American surgeon (1831–1915)

David Williams Cheever (November 30, 1831 – December 27, 1915) was an American medical doctor who was a leading surgeon and philanthropist in Boston during the late-19th and early-20th centuries.

==Early life==
Cheever was born in Portsmouth, New Hampshire, on November 30, 1831, to Charles Augustus and Adeline (Haven) Cheever. He was a seventh-generation descendant of Ezekiel Cheever and both his father and grandfather (Abijah Cheever) were surgeons. He prepared for college under a private tutor and graduated from Harvard College in 1852 and Harvard Medical School in 1858. He also spent a summer semester at the Boylston Medical School. He interned at the Massachusetts state hospital on Rainsford Island.

==Career==
Upon graduating from medical school, Cheever opened an office in Boston. He briefly served as a volunteer surgeon during American Civil War. From June 2, 1862, to August 2, 1862, he was the acting assistant surgeon at the Judiciary Square Hospital in Washington, D.C. When Boston City Hospital opened in 1864, he was appointed a visiting surgeon. He also worked as a surgeon at the Boston Dispensary and was an editor of the Boston Medical and Surgical Journal. He continued to work as a family physician after becoming a surgeon. In 1913, he became a professor emeritus of the city hospital.

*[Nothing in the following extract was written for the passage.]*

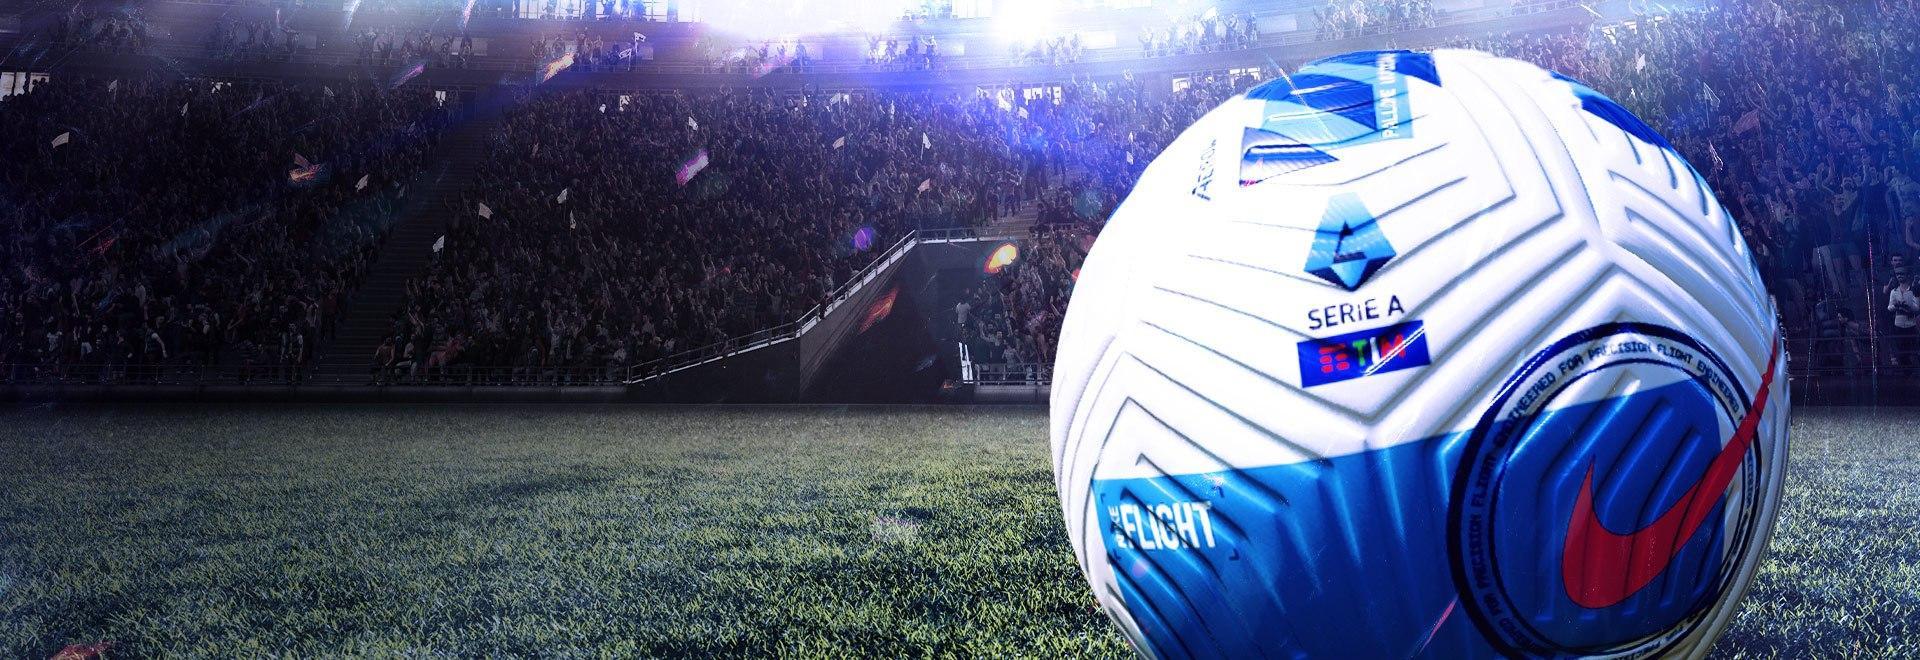 Serie A - Stag. 2021 Ep. 5a g. - Salernitana - Verona

From 1860 to 1868, Cheever was a demonstrator in anatomy at Harvard Medical School. In 1866, he was appointed an assistant professor of anatomy. He became an acting professor of clinical surgery in 1868 and a full professor seven years later. He was appointed a professor of surgery in 1882 and remained in this role until 1893, when he became a professor emeritus. From 1896 to 1908, he was a member of the Harvard Board of Overseers.

==Philanthropy==
In 1889, Cheever established a fund to provide surgical instruments to each graduate of the City Hospital surgical department. In 1893, the established a scholarship at Harvard Medical School for first year students. He was president of the Massachusetts Medical Benevolent Society, which provided aid to struggling physicians and their families.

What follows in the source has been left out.